Of all the times of year, Christmas is the very worst for bringing disparities of wealth into sharp relief. There are those lucky people who live with such abundance that their loved ones agonise about what to get for them, because what do you buy for the person who has everything? While there are parents who suffer blistering shame because they don’t have the money to buy their children a gift.
Some of those decent skins who have everything they could possibly want, request that instead of yet another spendy handbag, could they “have” a goat (or similar) to be sent to a low-income family in the developing world? This is very commendable.
But can I ask you to turn your compassion closer to home? To the issue of “period poverty”.
The term refers to women on low incomes being forced to choose between basic essentials – for example between a sandwich or a box of tampons.
Those of us who’ve been lucky enough to have never faced that stark choice find it difficult to imagine what it’s like to go without sanitary protection month in, month out.
But in the words of Claire Hunt, a truly wonderful human who runs Homeless Period Ireland: “Imagine you stepped into a puddle. Your sock is wet, and your shoe is wet.
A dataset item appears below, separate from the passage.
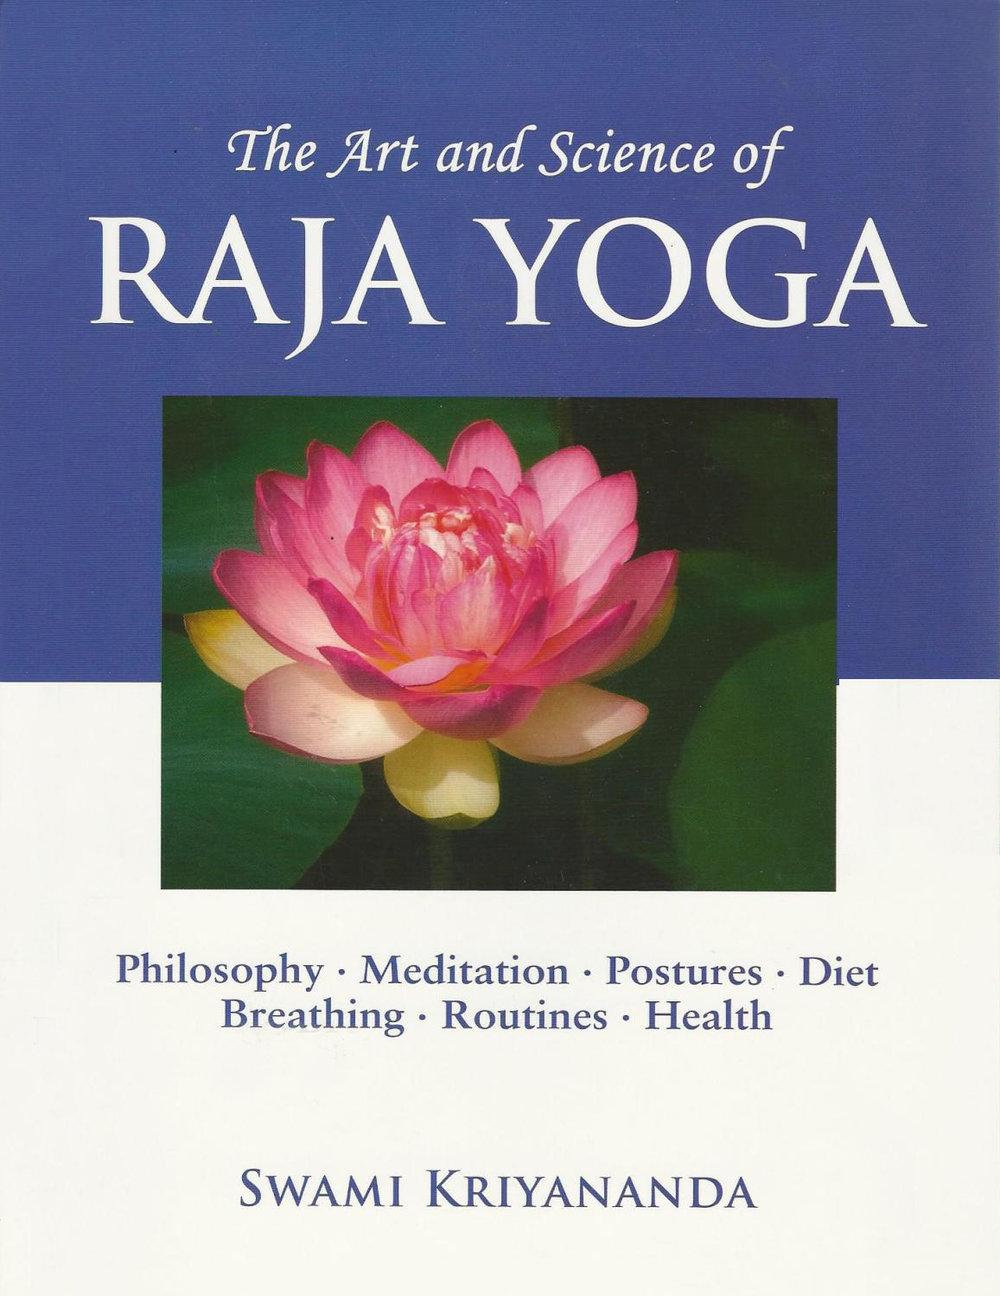 Raja Yoga cover large.jpg

You are far from home, so you have to walk around all day, with your wet sock and your wet shoe with the cold seeping into your skin and bones. Your friends may mock you because you were so silly to step in the puddle in the first place, so you say nothing. Now imagine that happening for up to seven days in a row… and that it will happen again next month.”
A survey in June showed that 50 per cent of Irish women aged 12-19 struggle with the average cost of a tenner a month to buy tampons and sanitary towels. Then there are the homeless women, the women living in refuges and in Direct Provision.
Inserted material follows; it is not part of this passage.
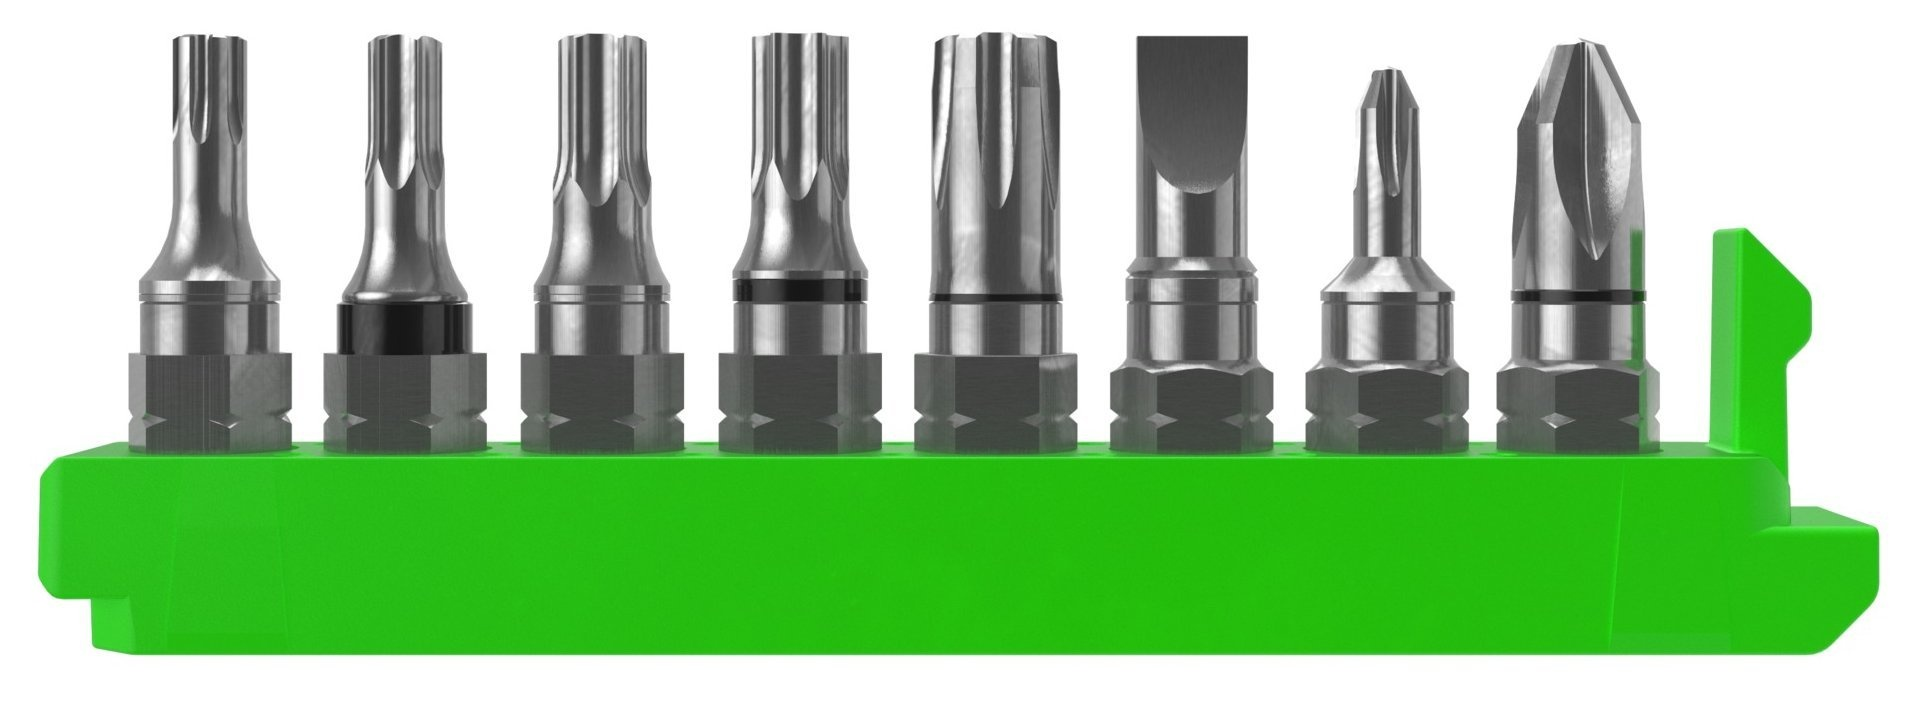 Syncros Greenslide Spare Bit 8 stk. TORX

There have been initiatives in some schools and one from Dublin City Council to address this need, but their reach is small.
Homeless Period Ireland’s mission is to supply sanitary towels and tampons to the most financially deprived women in our country. They don’t accept money, all they want are the products.
One of their suggestions is that whenever we buy some for ourselves, we pick up a second pack for another woman who can’t afford it.
Or, because of the season that’s in it, you could ask that, for your Christmas present, a donation be made in your name to Homeless Period Ireland. Their Facebook page lists the drop-off points around the country.
But donations are gratefully received at any time of the year, because remember, periods aren’t just for Christmas.